Bruyère is one of the 22 implementation science teams, and one of nearly a hundred long-term care (LTC) and retirement homes across Canada that has committed to Healthcare Excellence Canada’s LTC+: Acting on Pandemic Learning Together program. Designed to address and strengthen pandemic preparedness and response through rapid research and sharing of lessons, teams across Canada are focused on preparation, prevention, people in the workforce, pandemic response and surge capacity, plan for COVID-19 and non-COVID-19 care, and the presence of family.

 
The Bruyère Research Institute is proud to be a part of five LTC+ implementation science projects.

 
Presence of Family: (re)Integrating Family Caregivers
Spearheaded by Jamie Conklin, PhD, the project supports the Designated Care Partner (DCP) programs implemented in several Ontario long-term care homes.
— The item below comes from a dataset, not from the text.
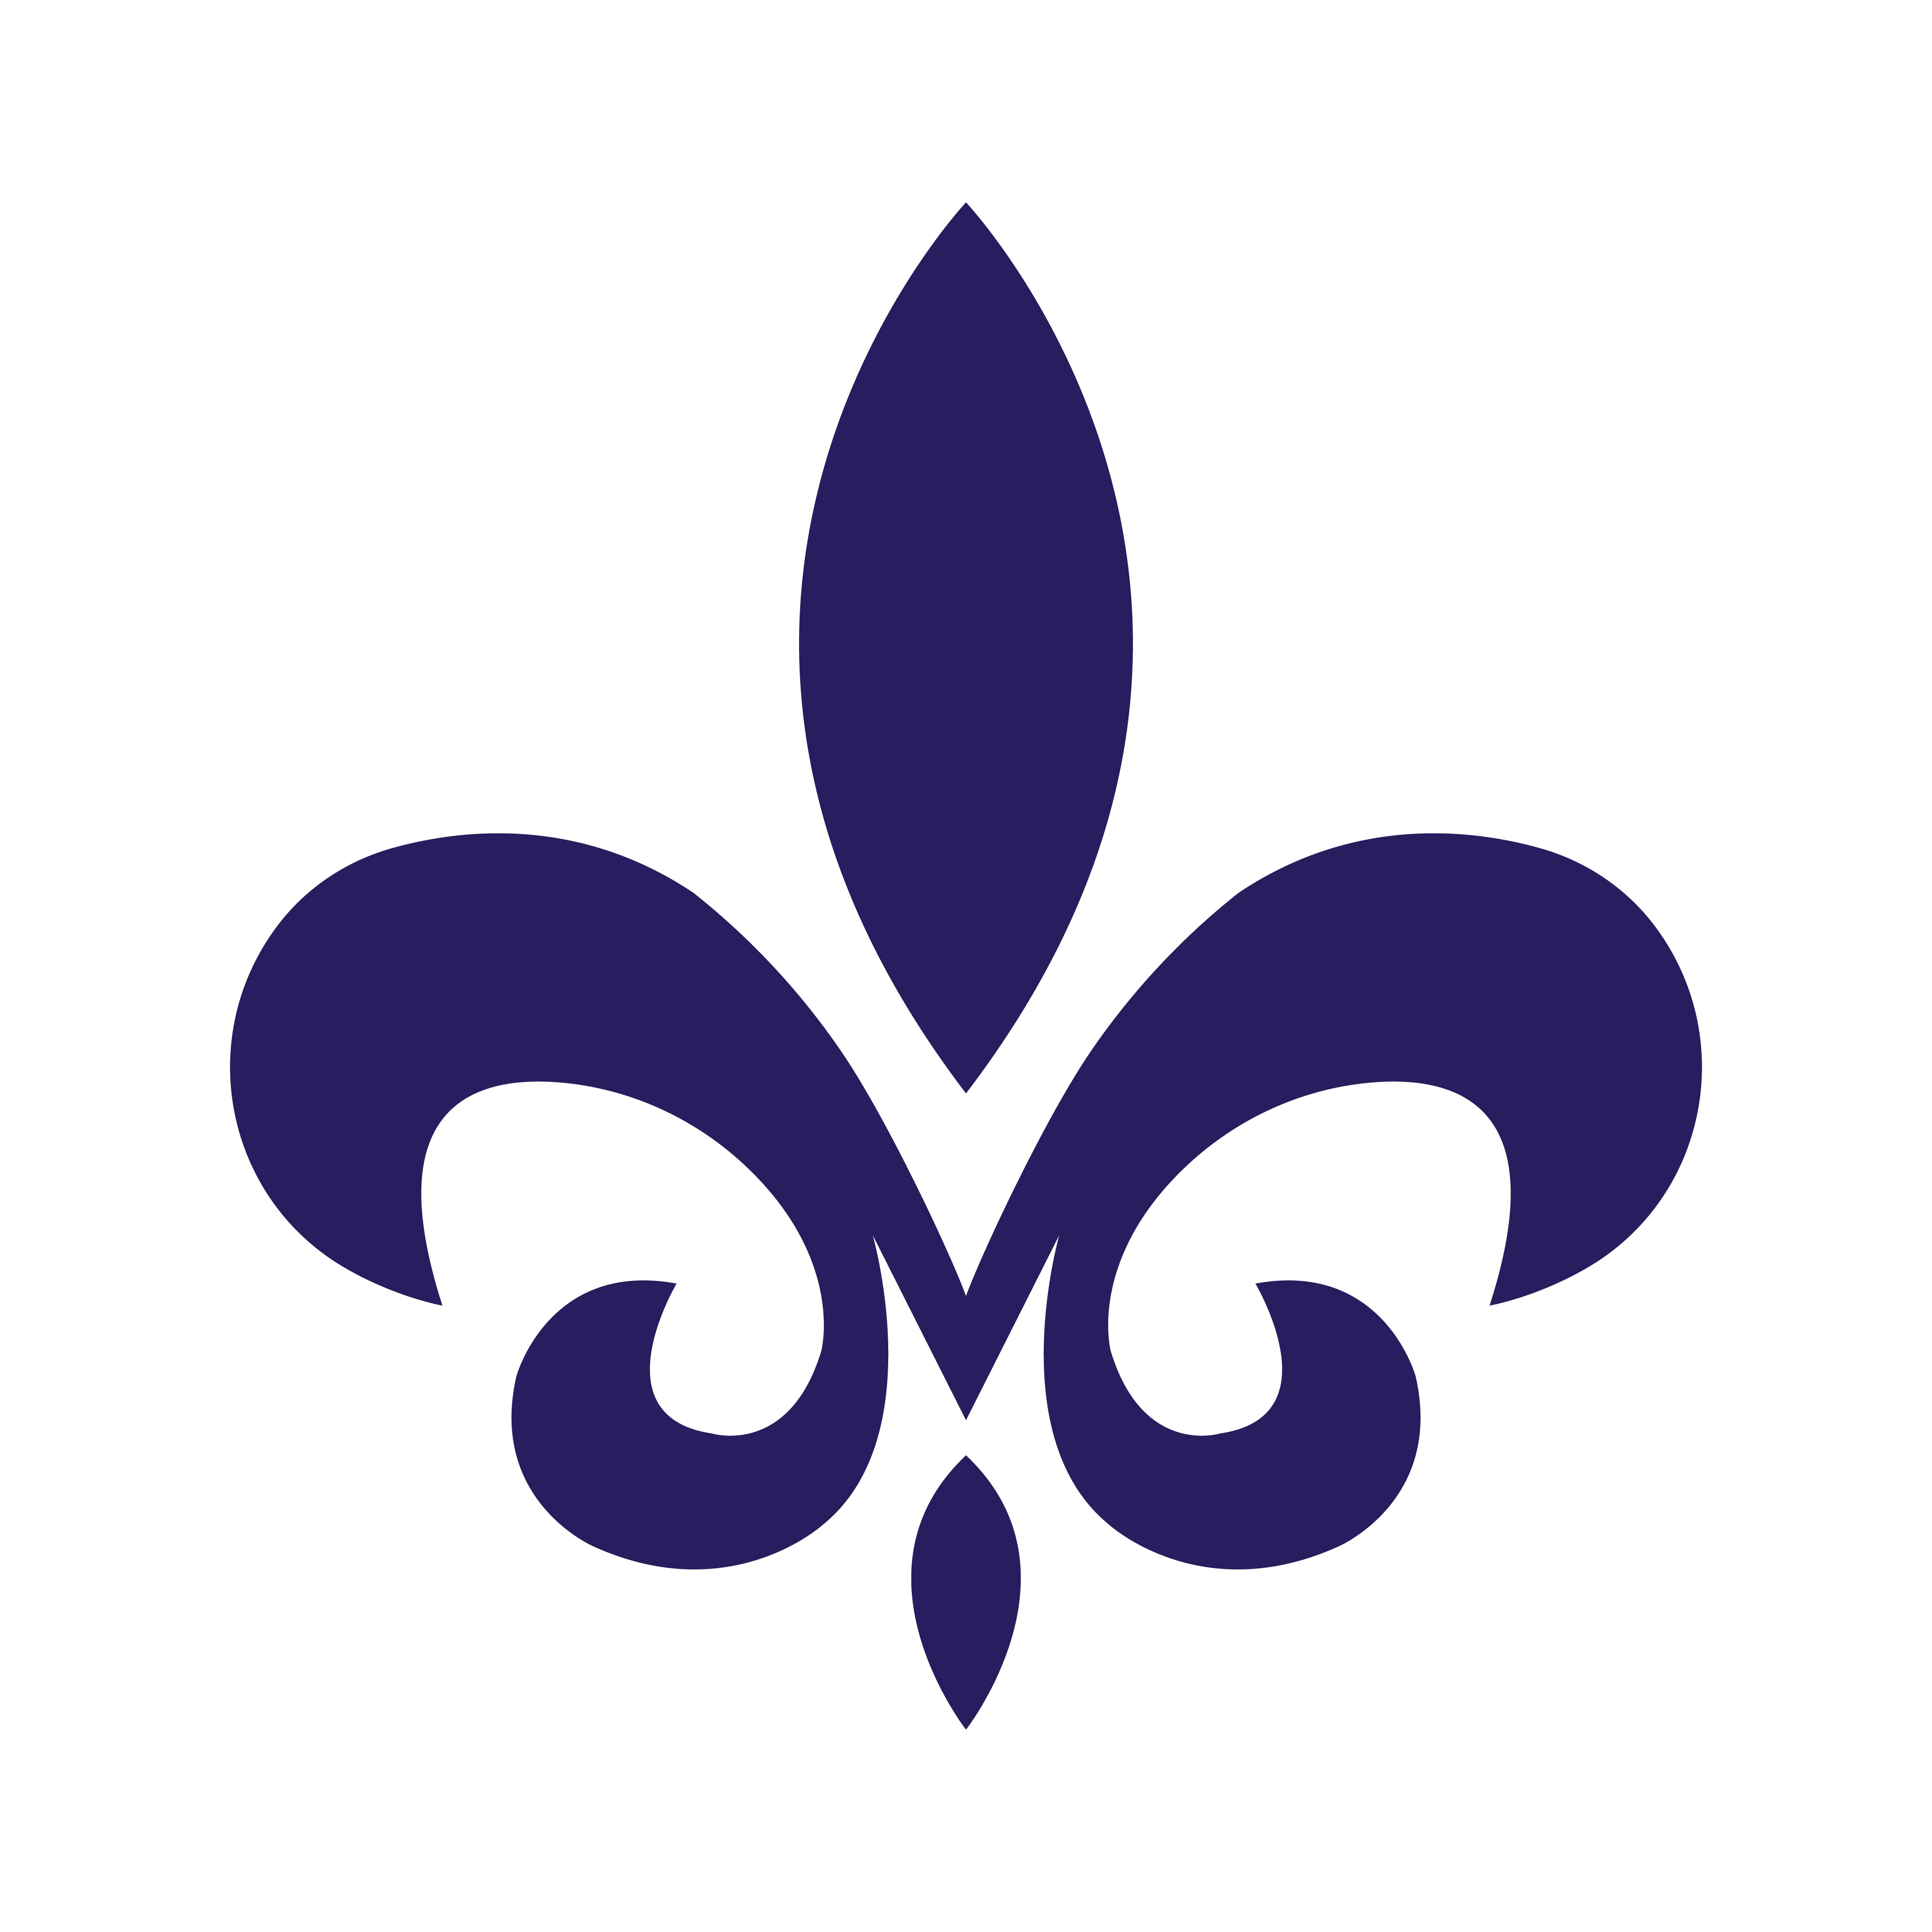 Montreal Expos Concept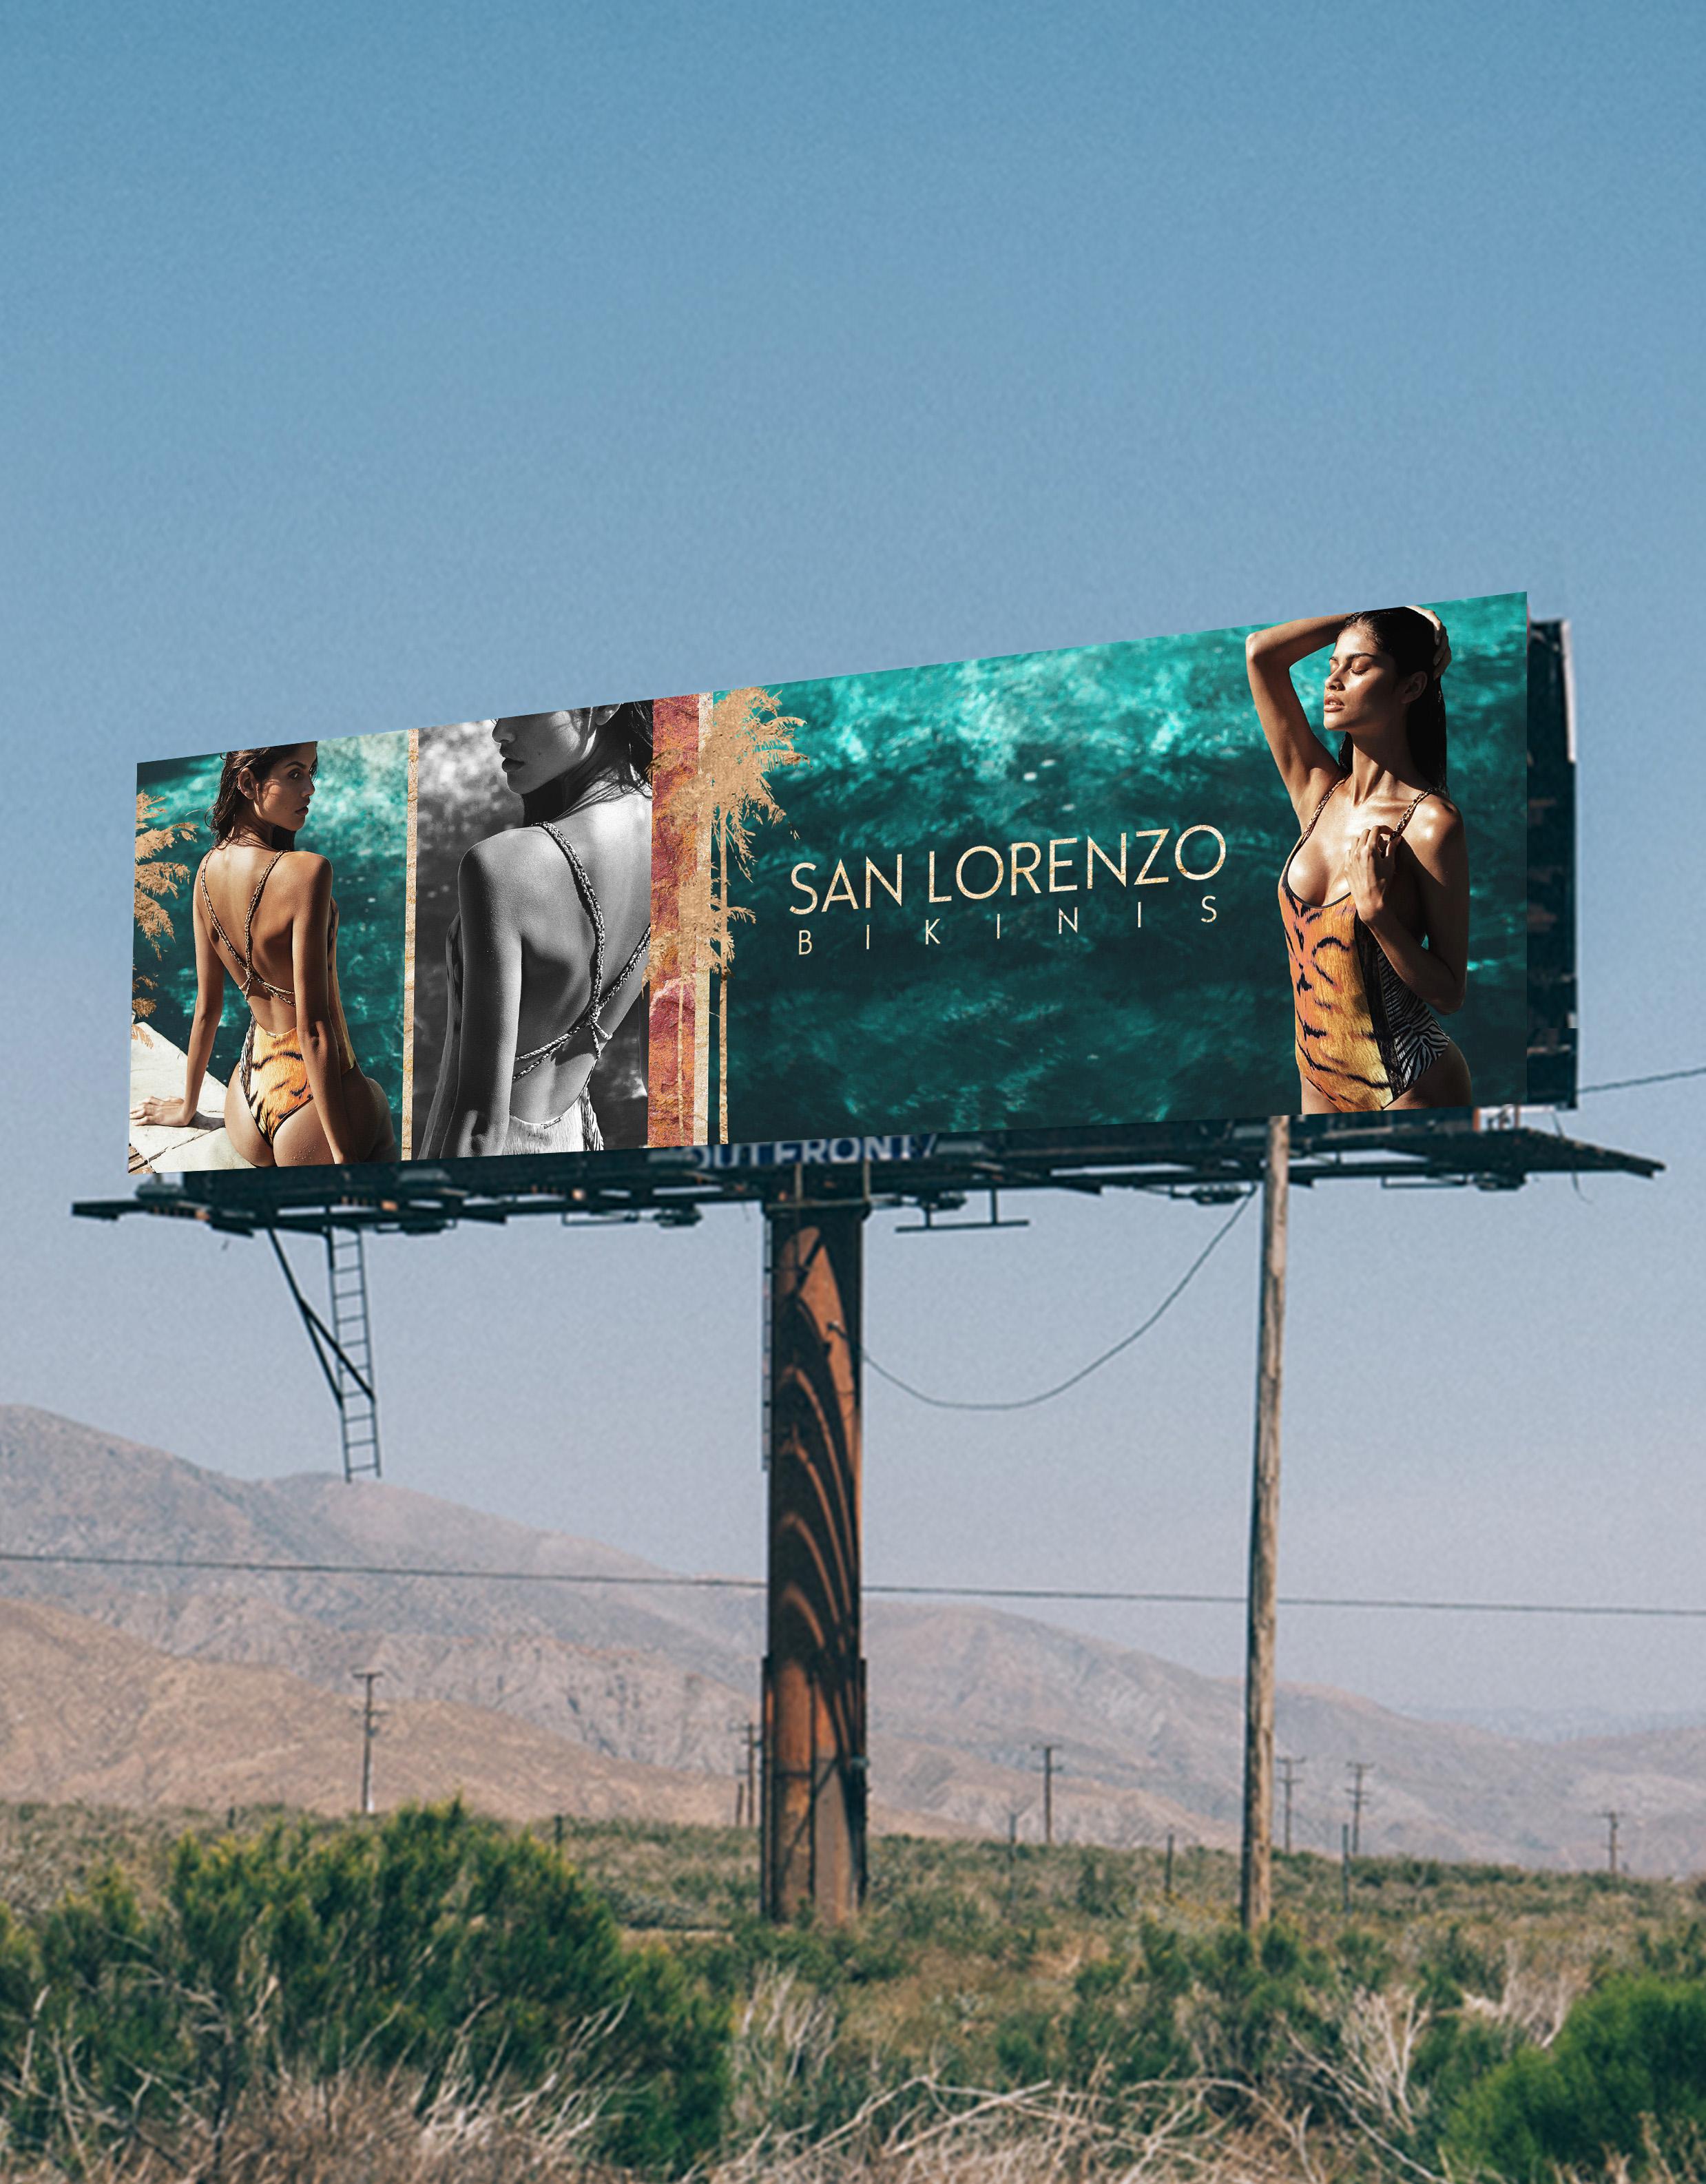 Billboard in California - on the road to Coachella

Recognizing the importance of care partners to residents in providing physical and psycho-social care, the DCP program grants safe access to long-term care homes. The project will develop, evaluate, and disseminate best practices to support homes implementing a care partner program and support the sharing of findings to participating long-term care homes.

 
RESPECT-LTC
Implementing and evaluating the Risk Evaluation for Support: Predictions for Elder-life in the Community Tool in Long-Term Care (RESPECT-LTC) is a step towards embedding palliative approaches to care in long-term care homes. This work, led by Amy Hsu, PhD, aims to support palliative approaches by integrating this mortality-risk communication tool into the processes and culture of care providers in efforts to inform decision-making regarding the initiation of palliative or end-of-life care.

 
Improving Prescribing of Medications at the End-Of-Life in Long-Term Care Homes Through the COVID-19 Pandemic
Symptom management at end-of-life is an important part of palliative care for long-term care residents, but long-term care providers may not have the expertise to navigate the prescription of essential medication. Led by Dr. Peter Tanuseputro, this study involves creating a new quality indicator for palliative and end-of-life care across long-term homes to improve low prescribers’ capacity to handle deaths during the pandemic and continue to improve end-of-life care beyond COVID-19.

 
Design Interventions to Support Infection Prevention and Control in Long-term Care
Led by Chantal Trudel of Carleton University, Bruyère investigators are heavily involved in the research and development of design interventions in long-term care spaces to improve infection prevention and control practices. The team will evaluate design characteristics of shared spaces, residential features that are challenging to disinfect, and will be identifying work and traffic flow of staff, residents, and families to identify patterns and spaces that presently undermine infection prevention and control practices.

 
MedSafer-Optimizing Prescribing for Pandemic Preparedness
MedSafer, an electronic decision support tool for medication management, interfaces with patient electronic medical records. The study, led by Dr. Emily McDonald at McGill University, is supported by Bruyère investigators to explore MedSafer’s use in long-term care settings. As staff and residents continue to navigate COVID-19, this tool may help reduce pill burden and adverse drug events, prevent adverse drug event-associated escalation of care, and increase care provider efficiency.